Prompt » Every line of the material below should be output exactly as written, with the images skipped.

Source data »
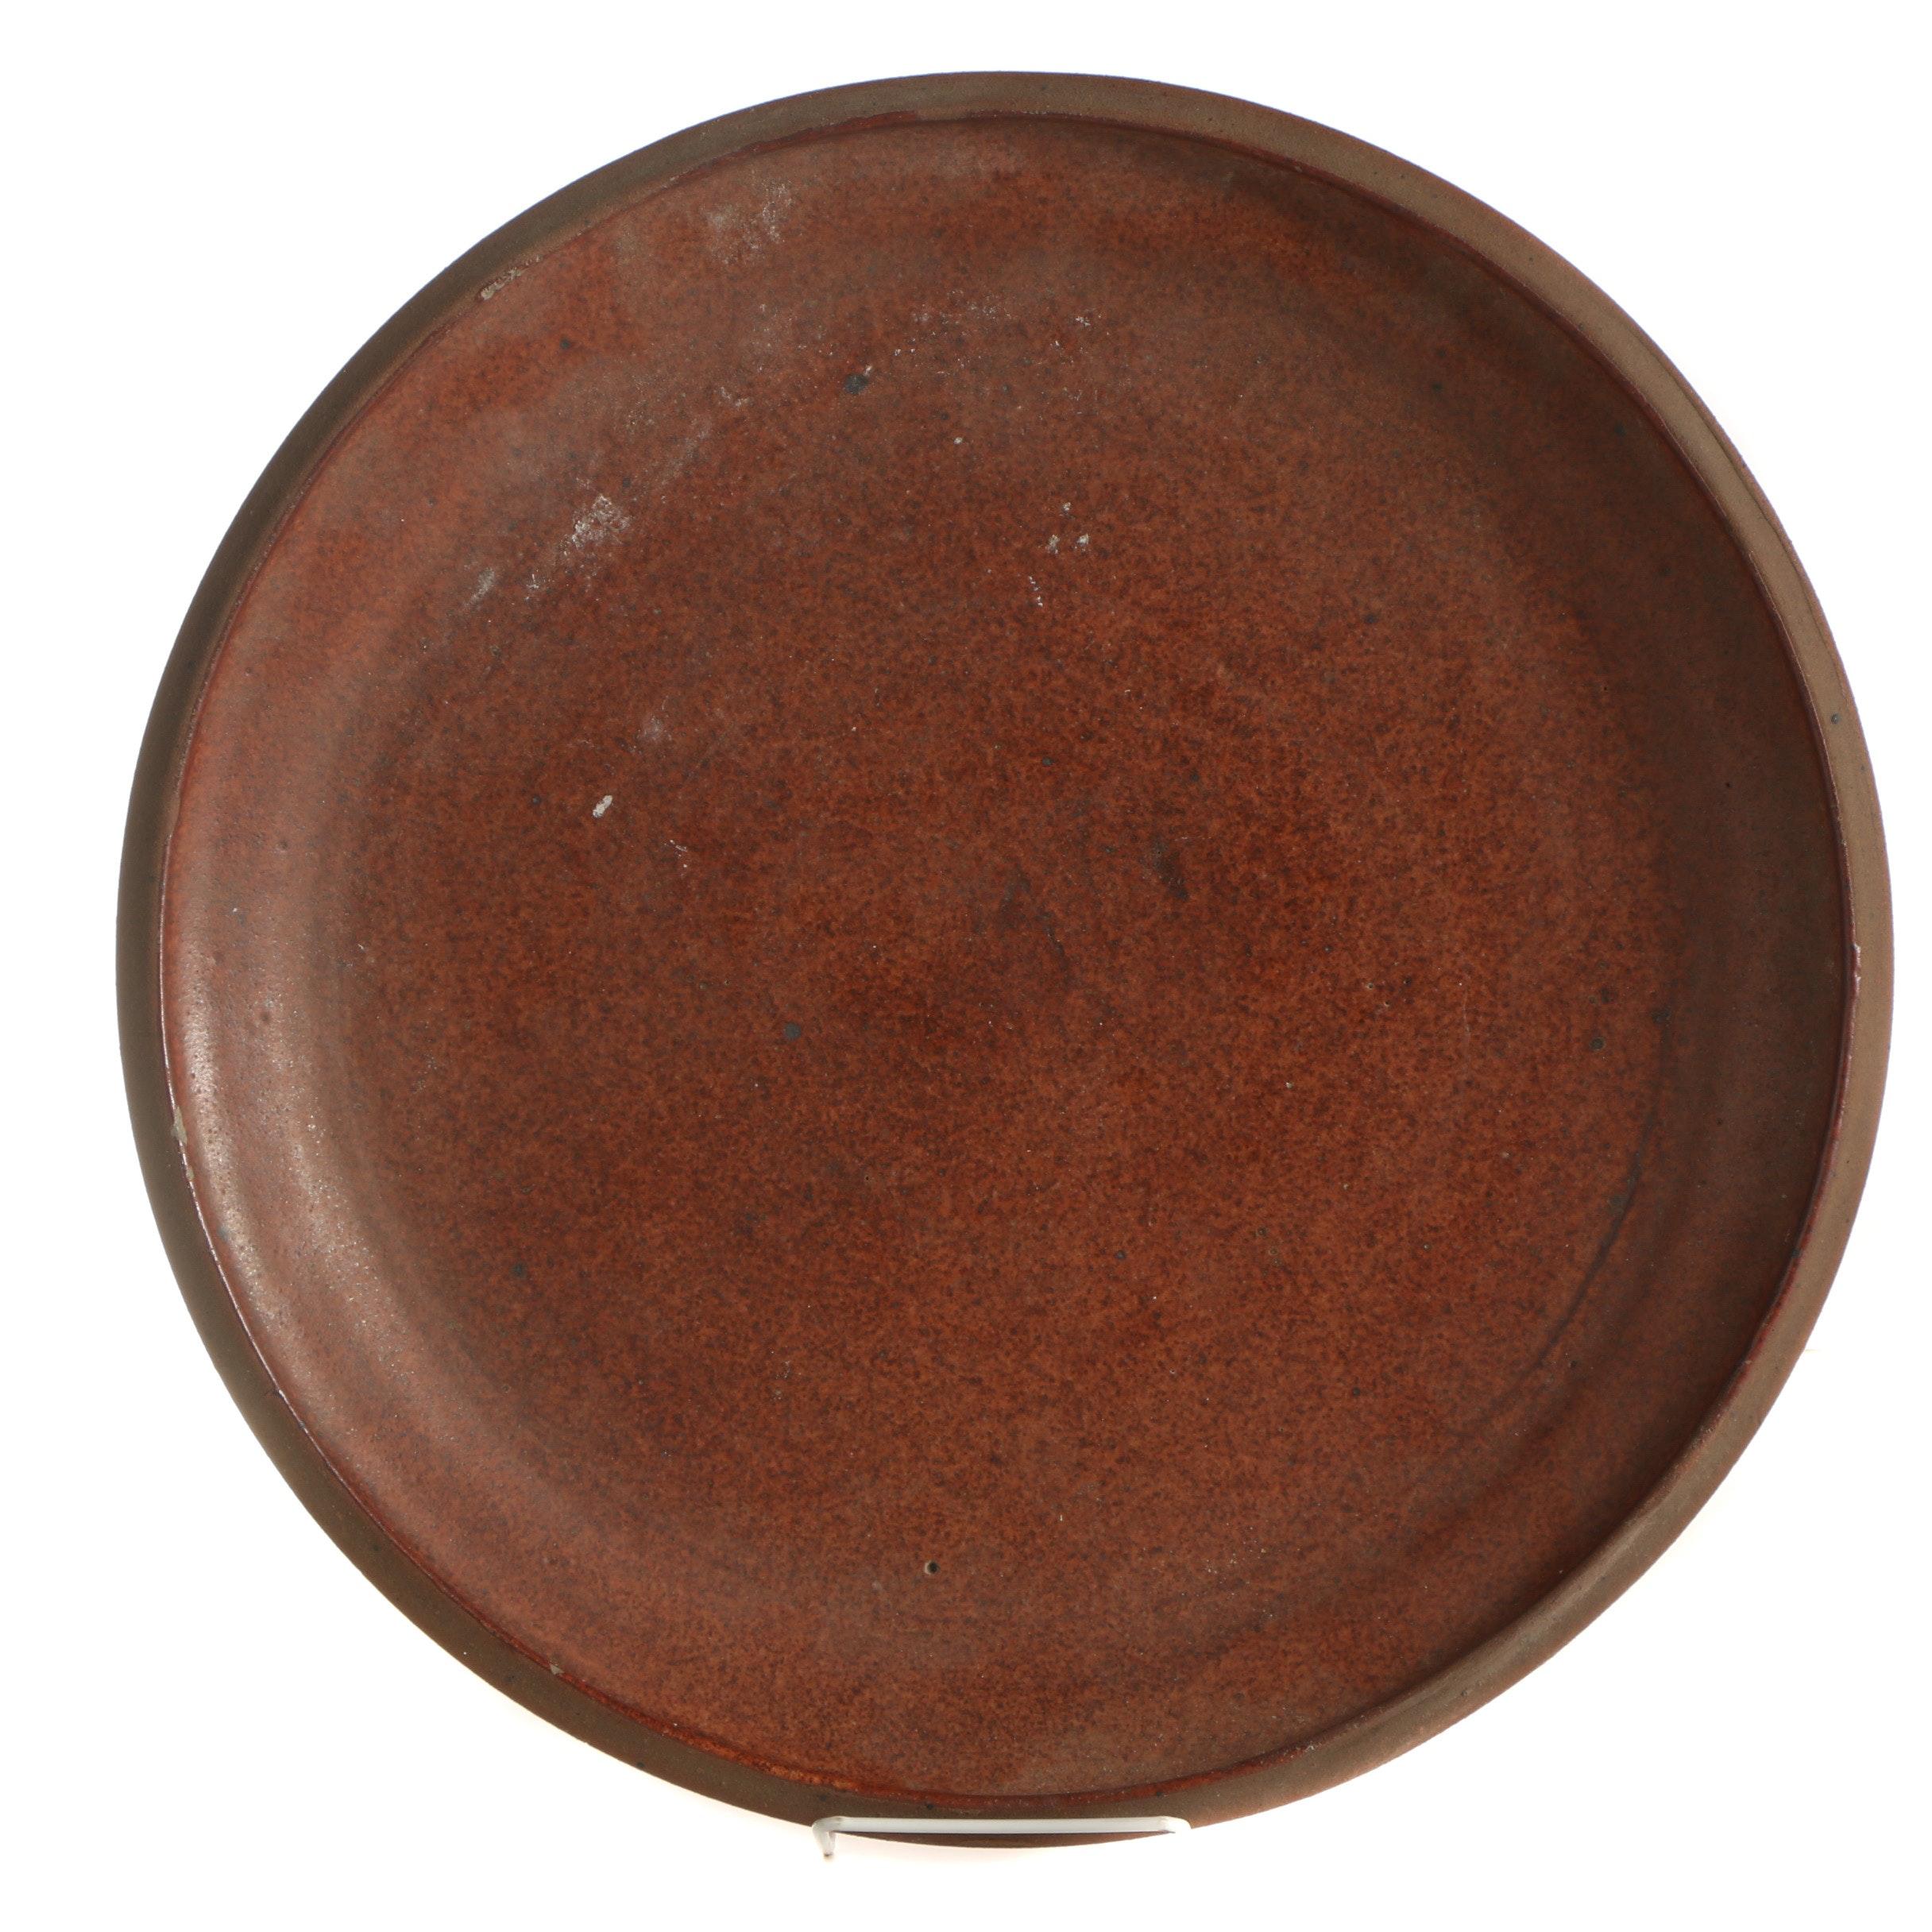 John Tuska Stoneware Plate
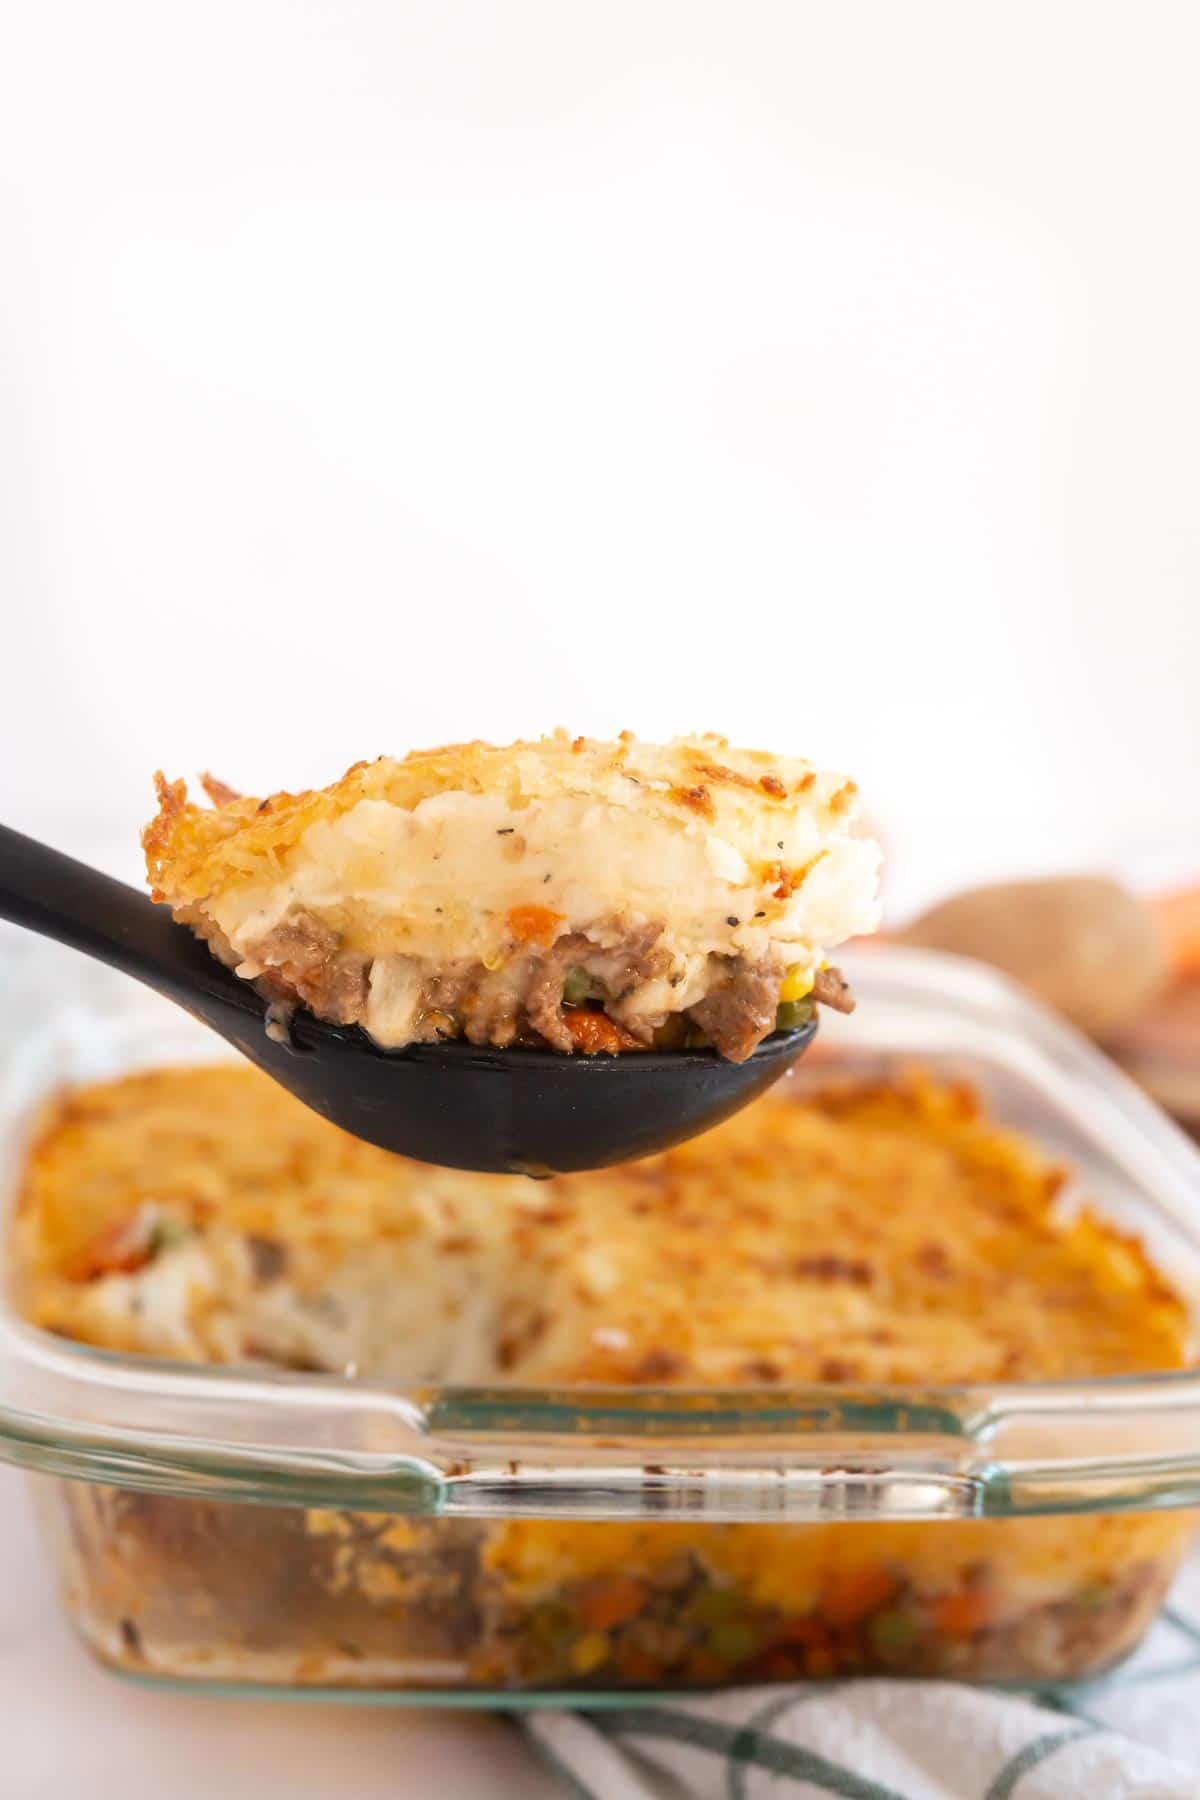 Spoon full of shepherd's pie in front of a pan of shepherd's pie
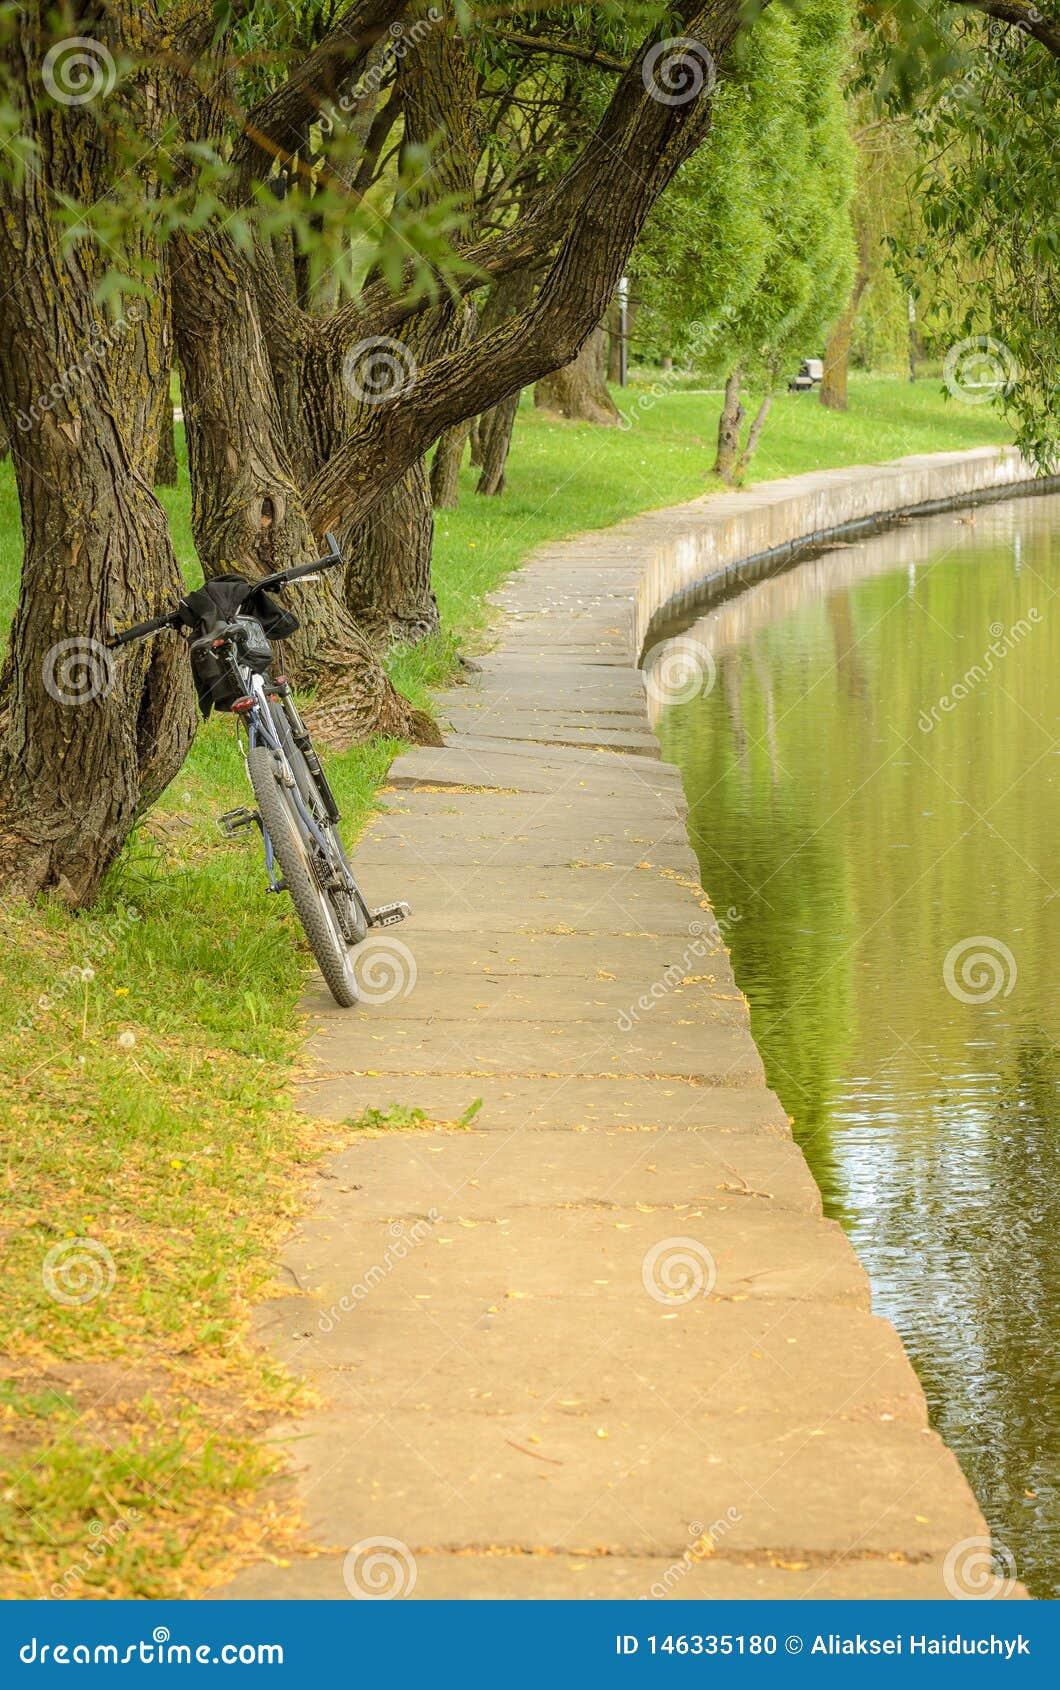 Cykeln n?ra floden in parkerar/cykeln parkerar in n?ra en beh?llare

Solution to this exercise »
 John Tuska Stoneware Plate
 Spoon full of shepherd's pie in front of a pan of shepherd's pie
 Cykeln n?ra floden in parkerar/cykeln parkerar in n?ra en beh?llare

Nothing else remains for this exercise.